Awarding of 2023 Rugby World Cup to France part of Laporte investigation

French rugby chief held for questioned by French financial police

French Rugby Federation  president Bernard Laporte and vice-president Serge Simon. Photograph: Sylvain Thomas/AFP via Getty Images

French Rugby Federation president Bernard Laporte and vice-president Serge Simon.
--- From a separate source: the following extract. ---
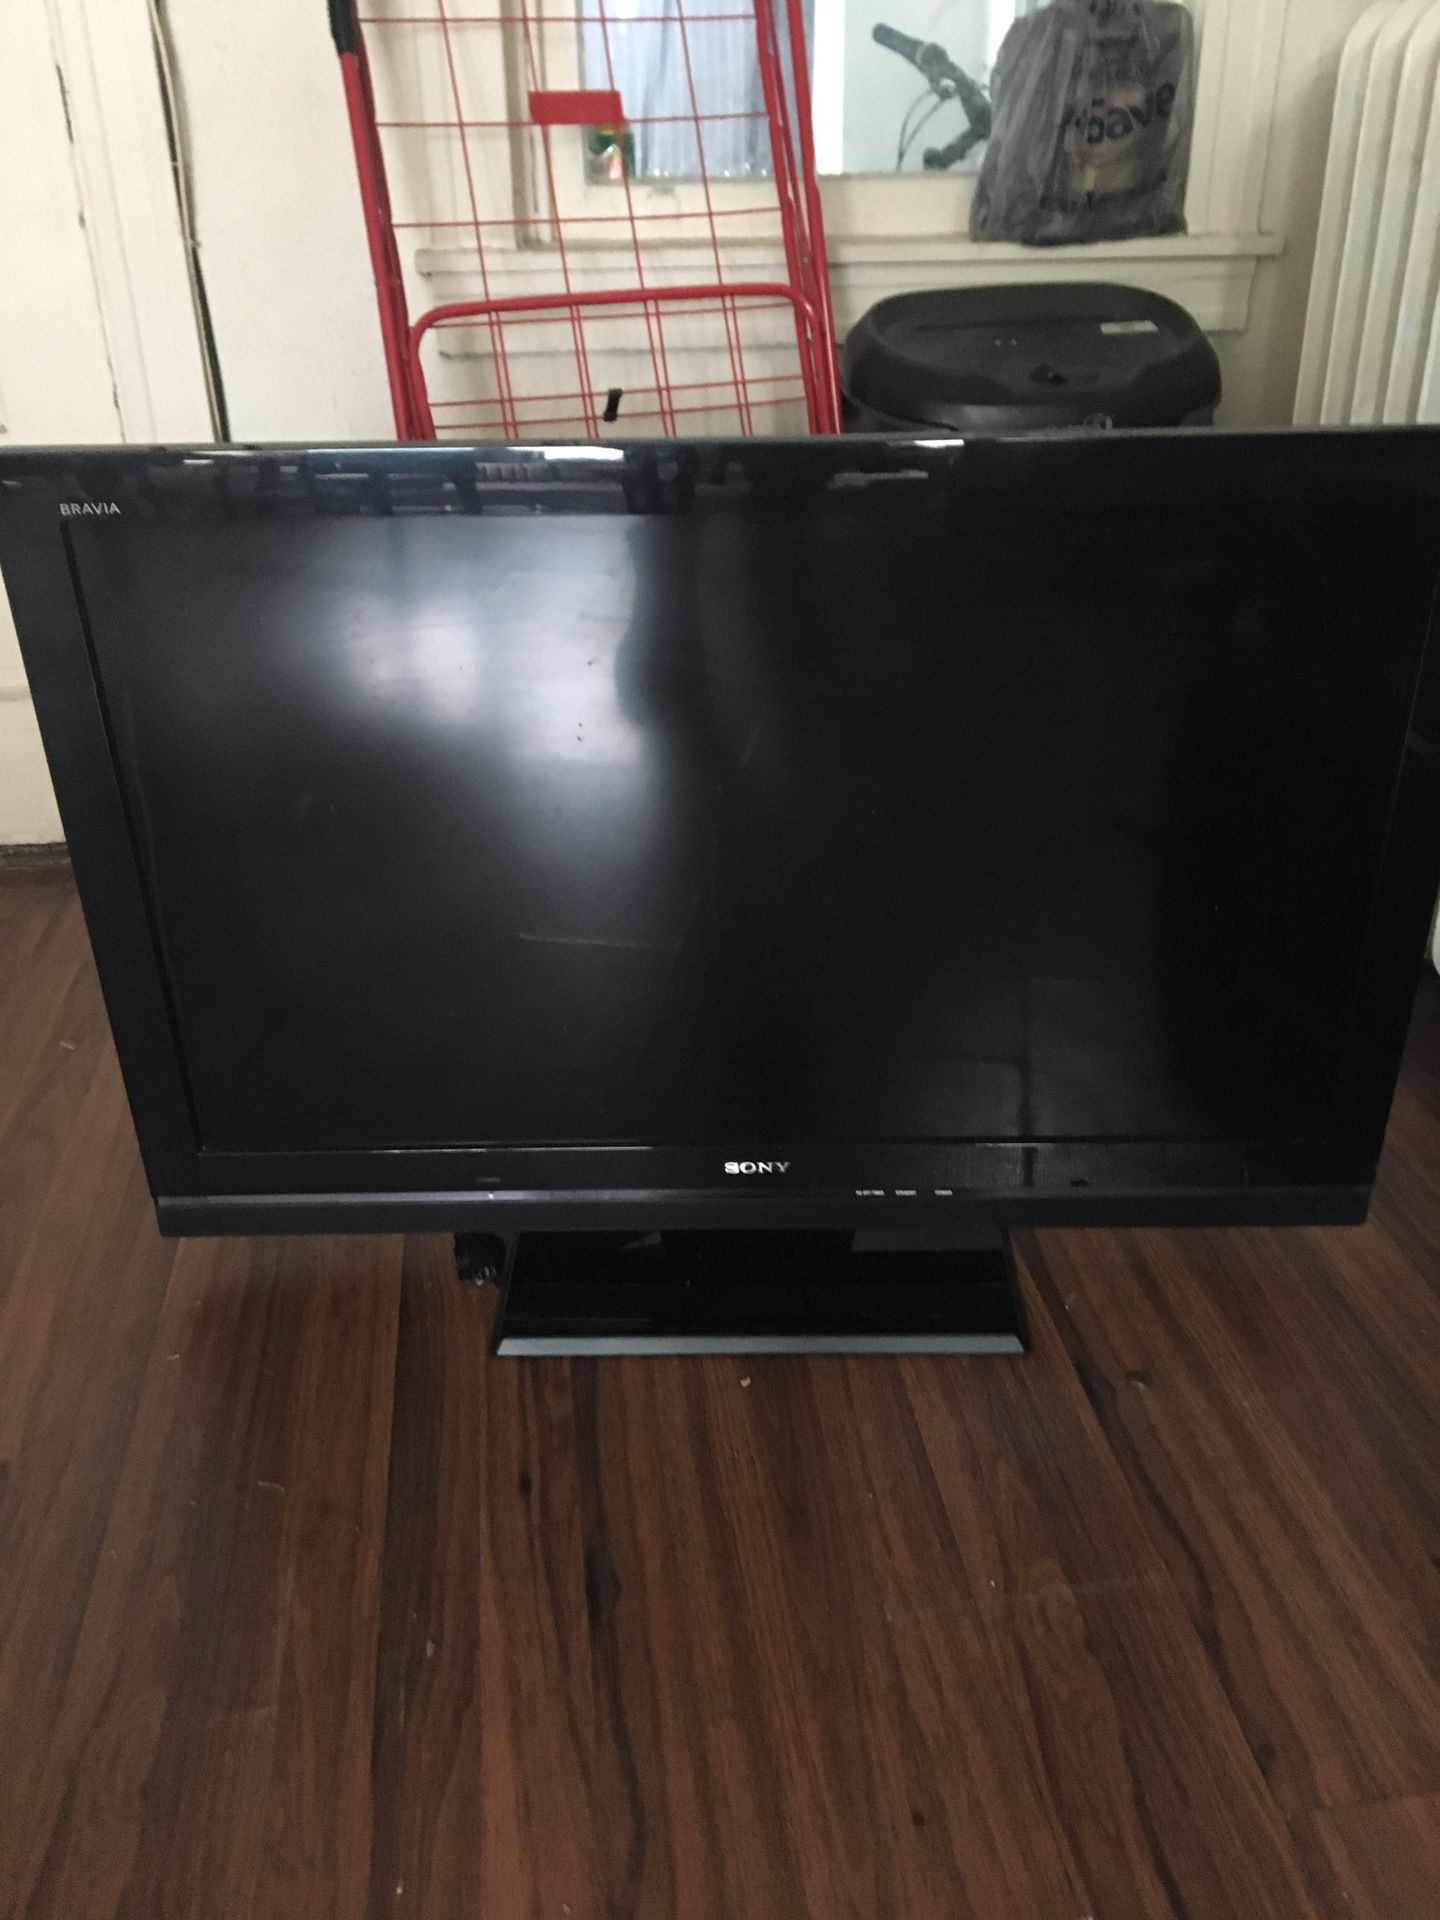 Fairly used 45 inch Sony flat screen comes with roku stick,Xbox 360/games and a play station 3 with games....everything works perfectly fine 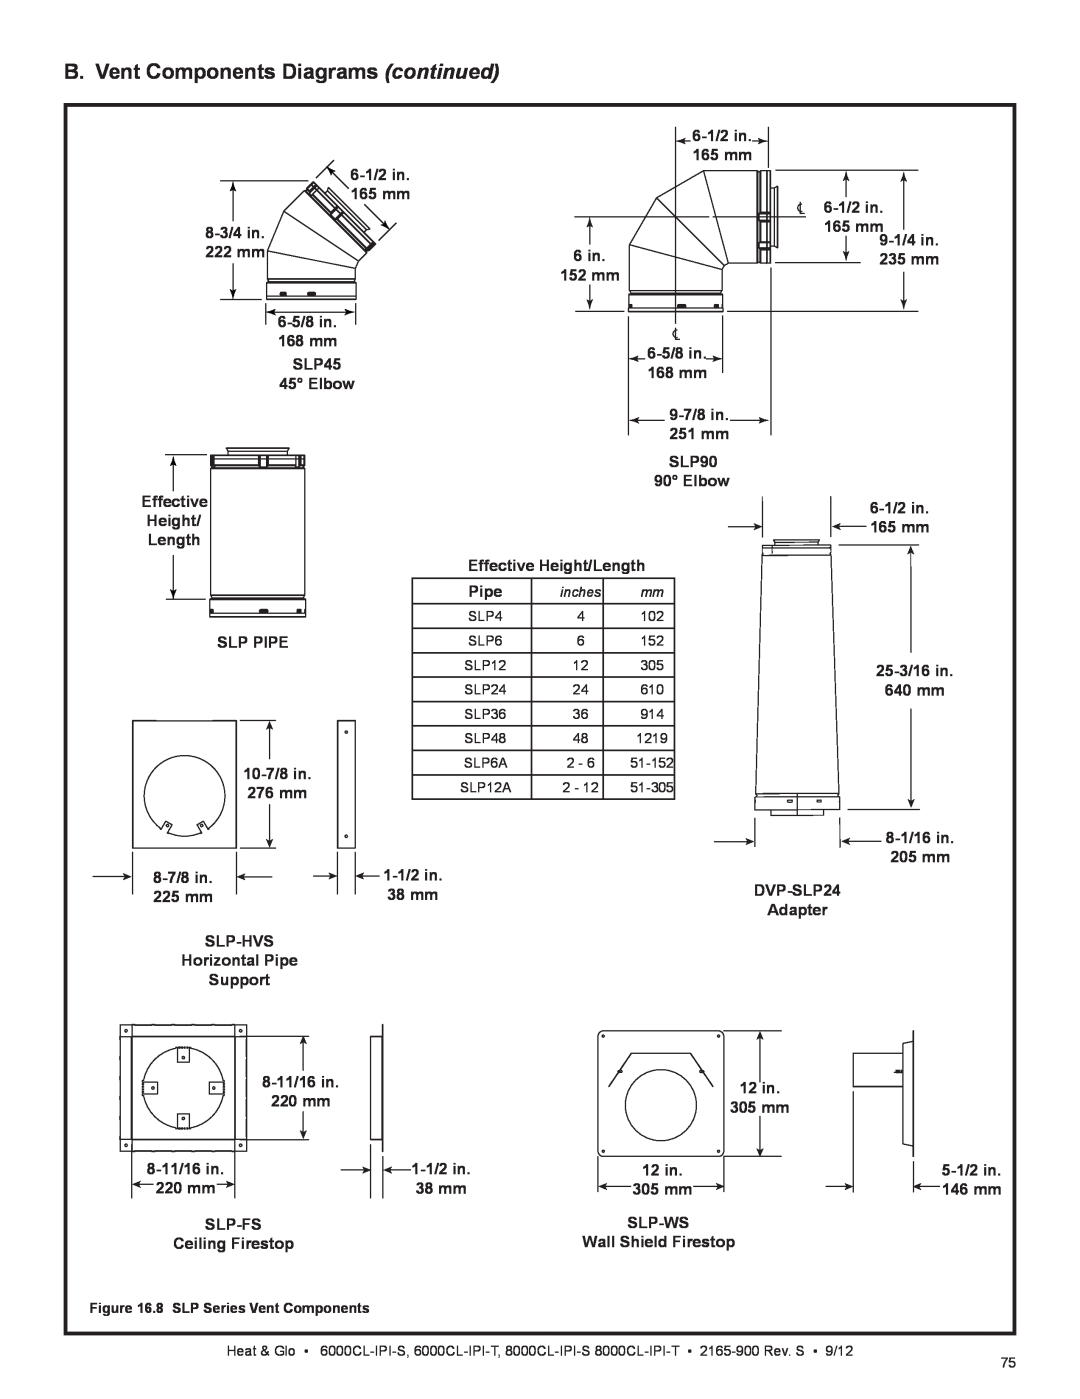 Heat & Glo LifeStyle 6000CL-IPI-T, 8000CL-IPI-S, 8000CL-IPI-T, 6000CL-IPI-S B. Vent Components Diagrams continued, 6-1/2in

Photograph: Sylvain Thomas/AFP via Getty Images

 

France’s successful bid for the 2023 Rugby World Cup, beating off competition from Ireland and South Africa, is understood to be part of the investigation by French financial police which led to the FFR president Bernard Laporte being called into their Parisian offices for questioning earlier on Tuesday.

In a development that has sent shockwaves through the global game and French rugby especially, Laporte is under investigation for his links with the Altrad group, whose boss, Mohed Altrad, was also called in for questioning, along with Claude Atcher, who led the bid for the 2023 World Cup, and two senior officials of the federation, vice-president Serge Simon and Nicolas Hourquet, the FFR’s head of international relations.  

All five presented themselves to the offices of the Brigade for the Repression of Economic Delinquency (BRDE) to which the all-powerful National Financial Prosecutor’s Office (PNF) entrusted the investigation in 2017. They were all detained overnight, so far without charge.

This emanated from suspicions that Laporte had intervened in favour of Montpellier Hérault Rugby with the FFR’s appeal committee to reduce sanctions against the club in June 2017. Altrad is both president of Montpellier and the main jersey sponsor of the French national team.

The club were sanctioned with a fine of €70,000 and ordered to play one match behind closed doors after supporters waved banners hostile to the Ligue Nationale de Rugby.

The ministry of sports established that the decisions of the LNR commission were “modified” between June 29th and 30th 2017, to a fine of €20,000 and a deferral of the match behind closed doors.

Three months earlier, the Altrad group, which specialises in building materials, had become the primary sponsor of the French jersey, before subsequently supporting the French candidacy, ultimately victorious, to host 2023 World Cup.

Laporte did later admit to telephoning the chairman of the disciplinary commission, Jean-Daniel Simonet, but maintained he had simply wished to “give him a political light” on the tensions in rugby.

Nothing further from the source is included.